Boulangerie Chami, une institution de Brive
Publié le 1 octobre 2024
« Lorsque nous sommes en escale, nous avons souvent des missions de représentation avec le corps diplomatique et les ambassades locales. Le commandant convie à bord les autorités du pays et des invités de marque. Nous réalisons à cette occasion des cocktails et parfois des pâtisseries de restaurant à l’assiette, ce qui nous permet d’exprimer pleinement notre savoir-faire », témoigne John N., boulanger embarqué dans la Marine Nationale.
En tous temps et en tous lieux, les bons repas sont essentiels pour soutenir le moral des troupes. La Marine Nationale applique cette règle à la lettre et chacun de ses navires est équipé de son propre fournil, souvent intégré à la cuisine de bord. John N. (1) est boulanger pâtissier à bord du Monge, un bâtiment d’essais et de mesures de 230 mètres de long unique en son genre, qui compte de 200 à 220 personnels embarqués. Mais avant d’intégrer la Marine Nationale, le boulanger de 29 ans a pris le temps de bien se former. « C’est mon père cuisinier qui m’a encouragé dans cette voie. J’ai débuté en fin de troisième par un CAP de boulanger à l’école Grégoire Ferrandi, en alternance avec l’hôtel Ritz de Paris. J’ai enchainé avec un CAP connexe en Pâtisserie chez Dalloyau, au laboratoire de Colombes », raconte John. À 21 ans, le jeune artisan devient chef boulanger dans un commerce de l’avenue de Versailles à Paris, mais il pense déjà à rejoindre la Marine. « J’ai trouvé un poste de jour chez M. Dos Santos à Saint-Cloud et j’ai effectué une bonne remise à niveaux pour préparer les épreuves de sélection au centre de recrutement de Vincennes », se souvient-il.
Du Ritz à la Marine Nationale
« L’uniforme, servir mon pays, c’est important pour moi », indique le boulanger. En juillet 2012, John N. apprend qu’il va intégrer l’École des Fourriers de Querqueville pour 9 semaines, au terme desquelles, il signe son premier contrat avec la Marine. Aujourd’hui à bord du Monge, le boulanger dispose du même matériel qu’un terrien : pétrin à bras oblique, refroidisseur d’eau, chambre de pousse, façonneuse et deux fours ventilés, le tout solidement arrimé au sol pour pouvoir faire face à une mer démontée. « Le boulanger de marine ne produit du pain qu’une fois en mer pour des missions de 24h, une semaine ou même 3 mois et demi avec escale. Le reste du temps, même s’il peut produire de la pâtisserie, le marin s’entraine militairement et c’est le Commissariat des Armées (2) qui ravitaille en pain l’équipage du bâtiment à quai », précise John.
Trois fournées par jour
Sur une journée type, le boulanger, qui se lève à 5 h du matin et travaille seul, cuit trois fournées pour disposer dès 7h du matin et jusqu’à 20h de pain frais pour un effectif variable selon le nombre d’hommes de quart. « Outre le pain courant, je fabrique beaucoup de pains spéciaux : complet, tomates basilic, moutarde à l’ancienne, estragon, poivrons curry, pain aux lardons. Le jeudi, jour de repas amélioré (une tradition dans la Marine), je propose un pain noix raisins pour accompagner les plateaux de fromages », détaille l’artisan.

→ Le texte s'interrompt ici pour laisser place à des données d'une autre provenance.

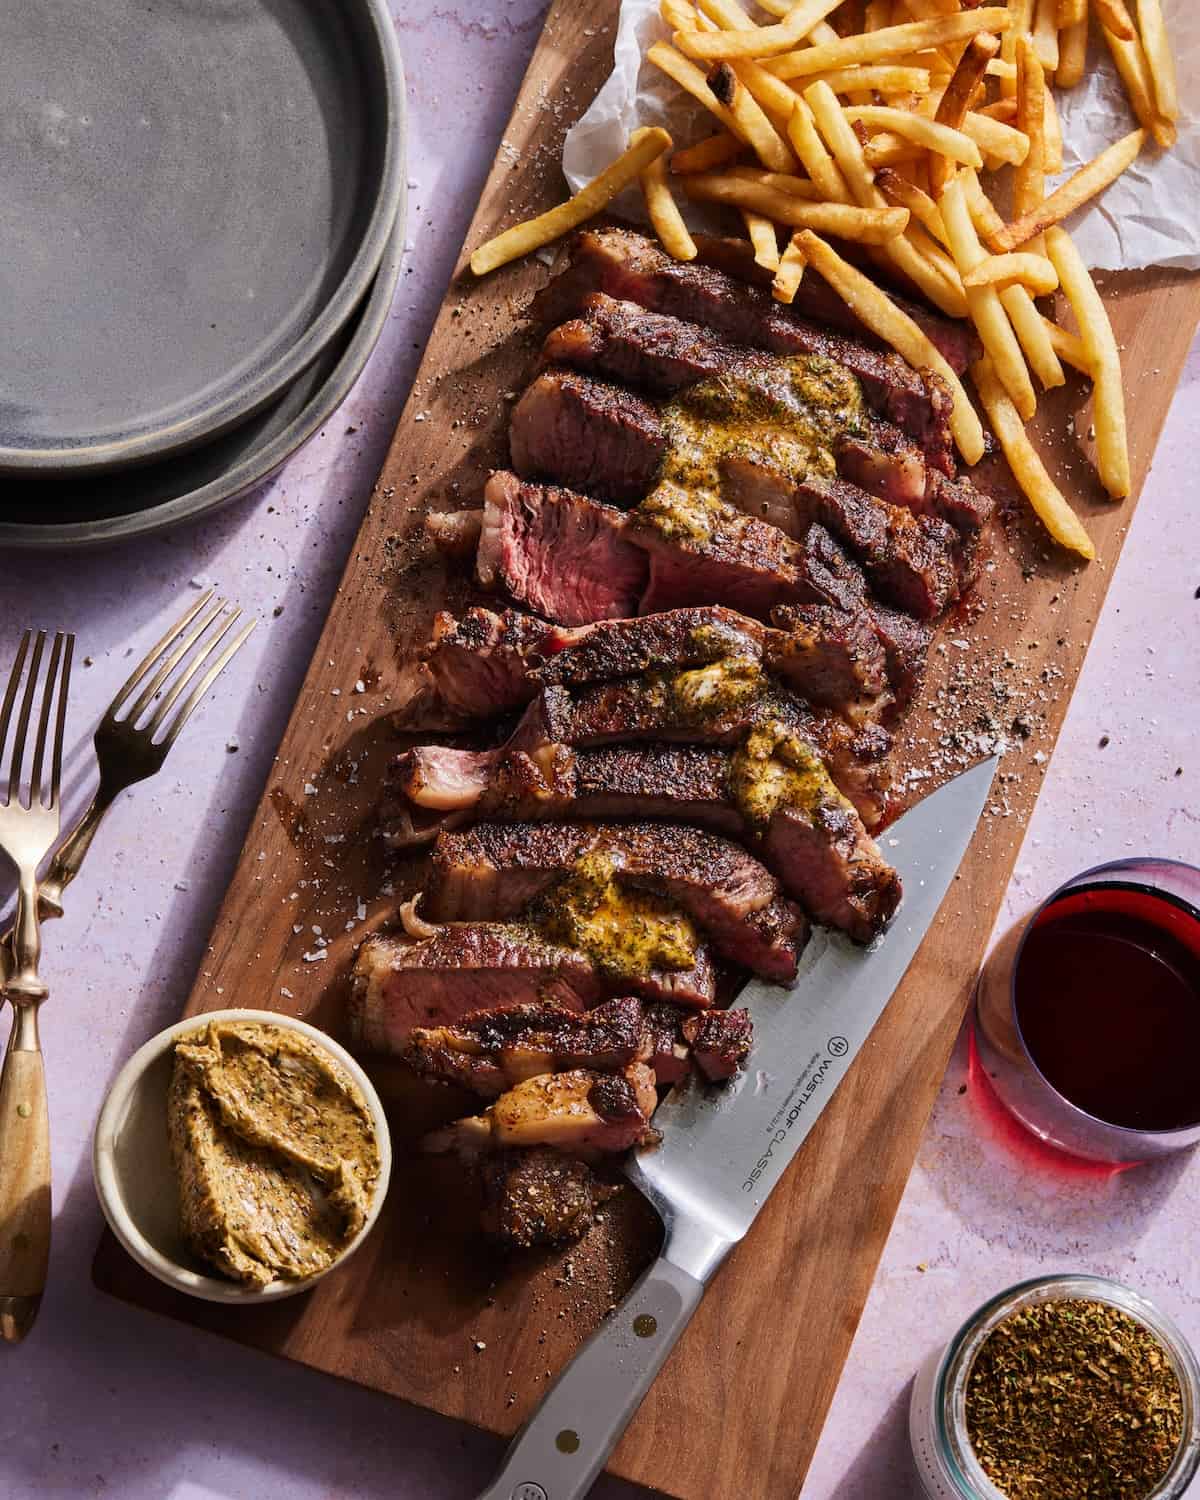 Chimichurri Steak (cooked via Reverse Sear) with a side of french fries and a herb compound butter
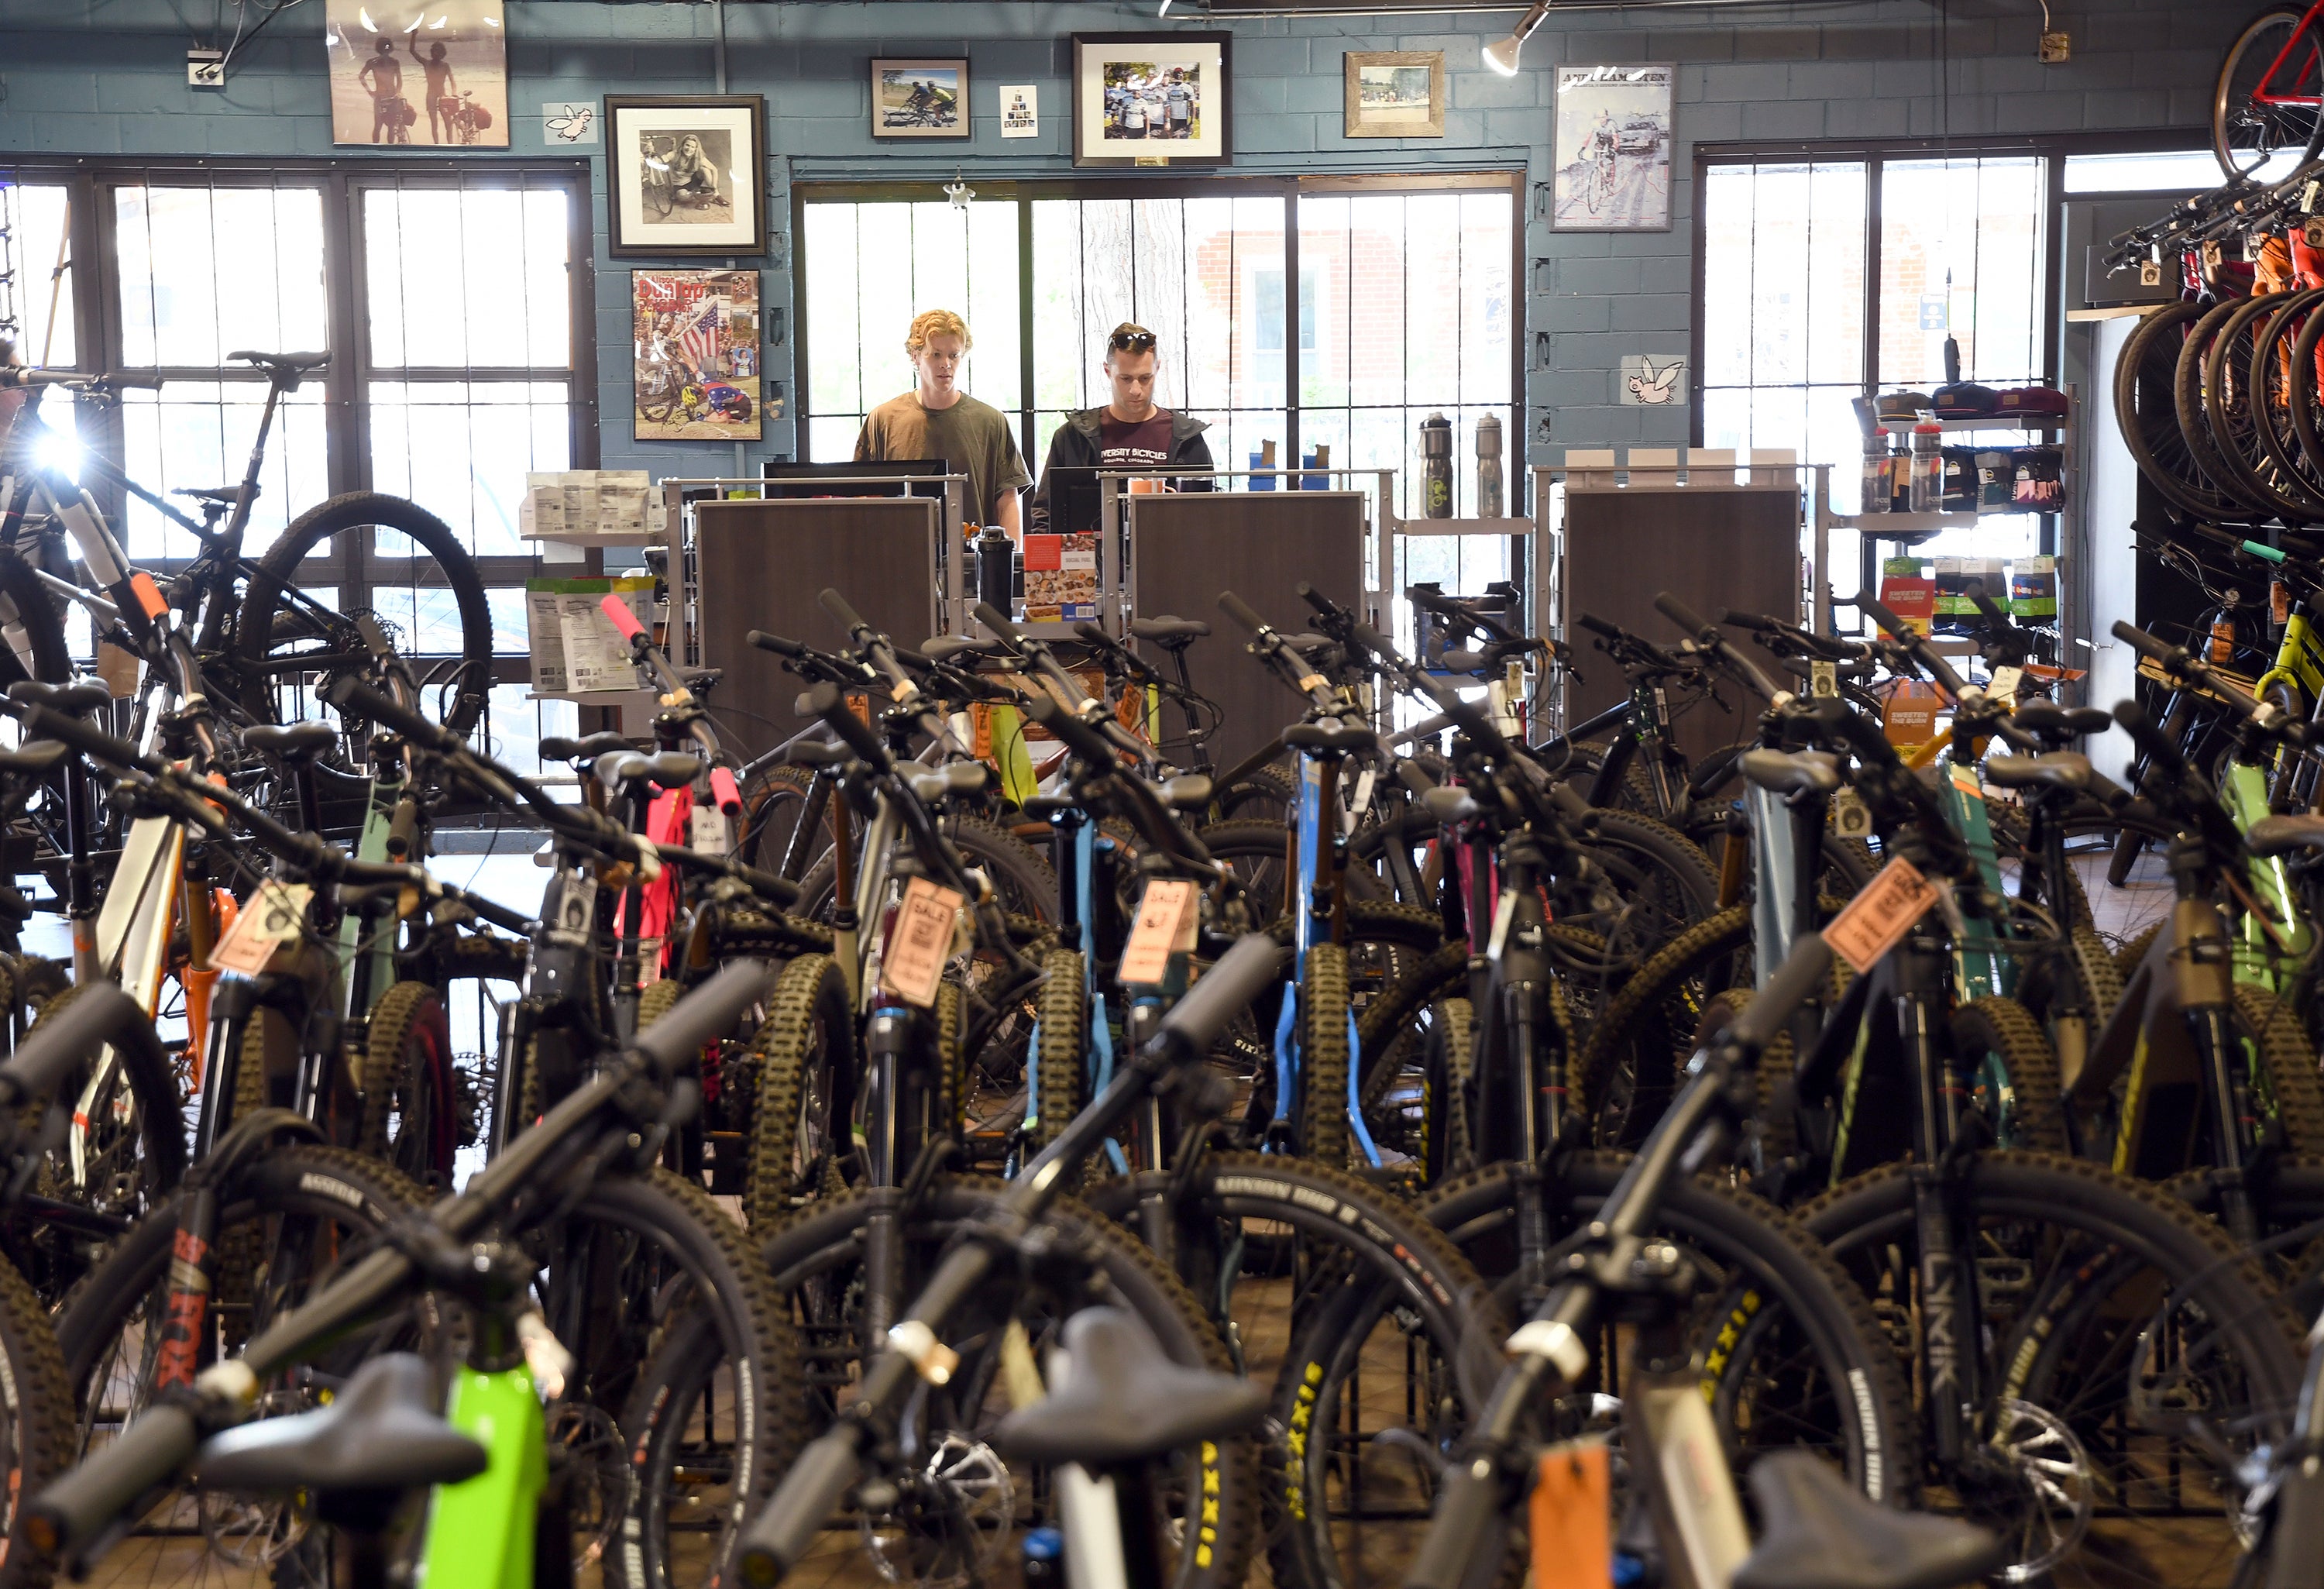 Salesmen Will Malfeld, left, and Ben Chandler, right, work at University Bicycles in Boulder

Côté pâtisserie, une gamme boulangère, qui va de la tarte citron au millefeuille en passant par l’éclair pina colada ou la religieuse irish coffee, permet d’approvisionner la cafétéria et les carrés des officiers et sous-officiers du navire. « Je fais également des entremets mousse framboise passion ou trois chocolats dans des grands cadres 40X60, des brioches, des kouglofs et des panettone. Finalement on arrive à reproduire ce qu’on l’on fabrique dans une boulangerie classique, avec les contraintes de travailler pour un collectivité. Cela complique un peu les choses, mais dans la Marine, on sait s’adapter », observe le boulanger, qui donne même un coup de main en cuisine entre deux fournées. Tous les trois ans, les marins changent d’affectation et de bâtiments. À peine arrivé sur le Monge, John envisage déjà de virer de bord pour rejoindre les forces sous-marines. « Même dans les submersibles, on fabrique du pain ! Il faudra que je pose une demande, car je vise les sous-marins nucléaires lanceurs d’engins. »
Texte et photo : Frédéric Vielcanet
(1) Pour des raisons de sécurité et de confidentialité, la Marine Nationale ne souhaite pas divulguer le nom de famille de ses marins.
(2) Le Commissariat aux Armées fournit notamment les denrées et la farine T55 (Grands Moulins de Paris) pour un stock minimum de 40 jours de vivres quand la bâtiment prend la mer.